Movie star honors debaters

By
Thursday, March 20, 2008

Not long into the evening, the organizers behind the Rhode Island Urban Debate League’s annual year-end banquet realized they would need more chairs. The room was quickly filling with about 200 laughing and chattering high school debaters along with their families and coaches, leaving some guests without a seat as the program started.

More fold-out chairs were quickly supplied and the event, designed to celebrate the students’ achievements during the debate season, continued.

RIUDL is run by the Swearer Center for Public Service, which works with community directors to establish debate programs at high schools in the area.

About 140 students from eleven different schools participated this year, said Morgan Whitworth ’09, a RIUDL student coordinator.

The large number of students and schools participating in RIUDL reflects an “upward slope” in the size and capacity of the program, Whitworth said. More than 30 Brown students have volunteered this year to coach the high schoolers, conduct forums about debate, chaperone trips and host and judge local debates.

The RIUDL banquet took place in the Westin Providence, and featured speeches by Mayor David Cicilline ’83 and actor Nate Parker, who is featured in the 2007 motion picture “The Great Debaters.”
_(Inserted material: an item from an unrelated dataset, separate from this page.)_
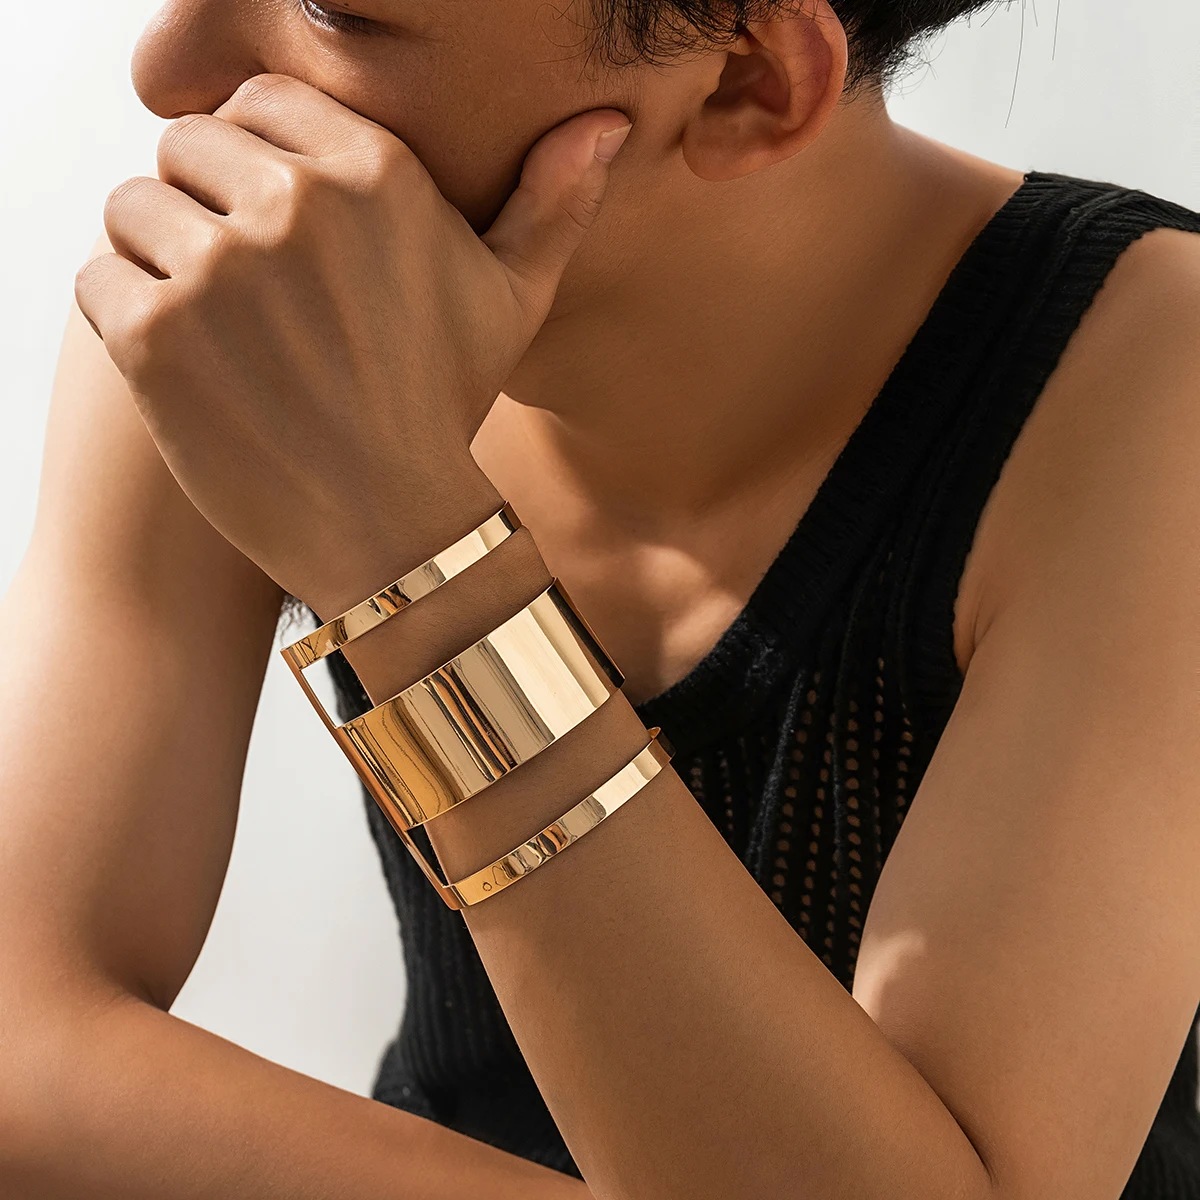 Men's jewellery: bracelets and accessories for him | Nomination

A screening of the film, which chronicles the ground-breaking success of an all-black debate team in the 1930s, followed the banquet.

“Although ‘The Great Debaters’ is a Hollywood movie, it really is a Rhode Island story,” Will Tucker ’04, director of RIUDL and the assistant director of the Swearer Center, said in the opening speech. In the speech, Tucker also said he wanted the night to celebrate nine years of partnership between the Swearer Center and RIUDL.

Tucker was followed by Cicilline, who gave a brief speech emphasizing the importance of recovering the “lost art” of debate.

“This is one of the most important times in our country and your voices need to be heard,” Cicilline said. RIUDL “reinforces the power of words” and enables students to develop the skills that allow them to “contribute to democracy,” he said.

Rosanna Castro ’04, a former RIUDL debater and current Providence School Board member, presented year-end awards to students, including Courtney Dwyer, a senior at Woonsocket High School.

“Because of debate, we’re more comfortable speaking in public and supporting our statements well. We know more about the world,” Dwyer said. She and her partner, Preeti Kinha, will attend the National Urban Debate Championships in Chicago in April.

The room erupted with loud cheers when Parker took the stage to deliver his keynote address.

Parker spoke about his experience working with fellow actor and director Denzel Washington on the film and how that spurred his involvement with debate programs.

“Being an actor, I live in a fairy tale world where people don’t want to address issues that need to be addressed,” Parker said, citing the “education gap between the haves and have-nots” and the “vicious cycle (of poverty) that destroys our communities” as two of those issues.

Though Parker did not debate in high school, he said being in “The Great Debaters” opened his eyes to the importance of the activity and helped him see debate as more than “just arguing.”

“Debate is a major step in leveling the playing field,” Parker said, before urging the high school students to “spread the good news about debate.”

Before taking questions, Parker asked the participating students to stand.

As they rose to their feet, he leaned towards the microphone and said, “I believe in you. We believe in you. And today we honor your achievement.”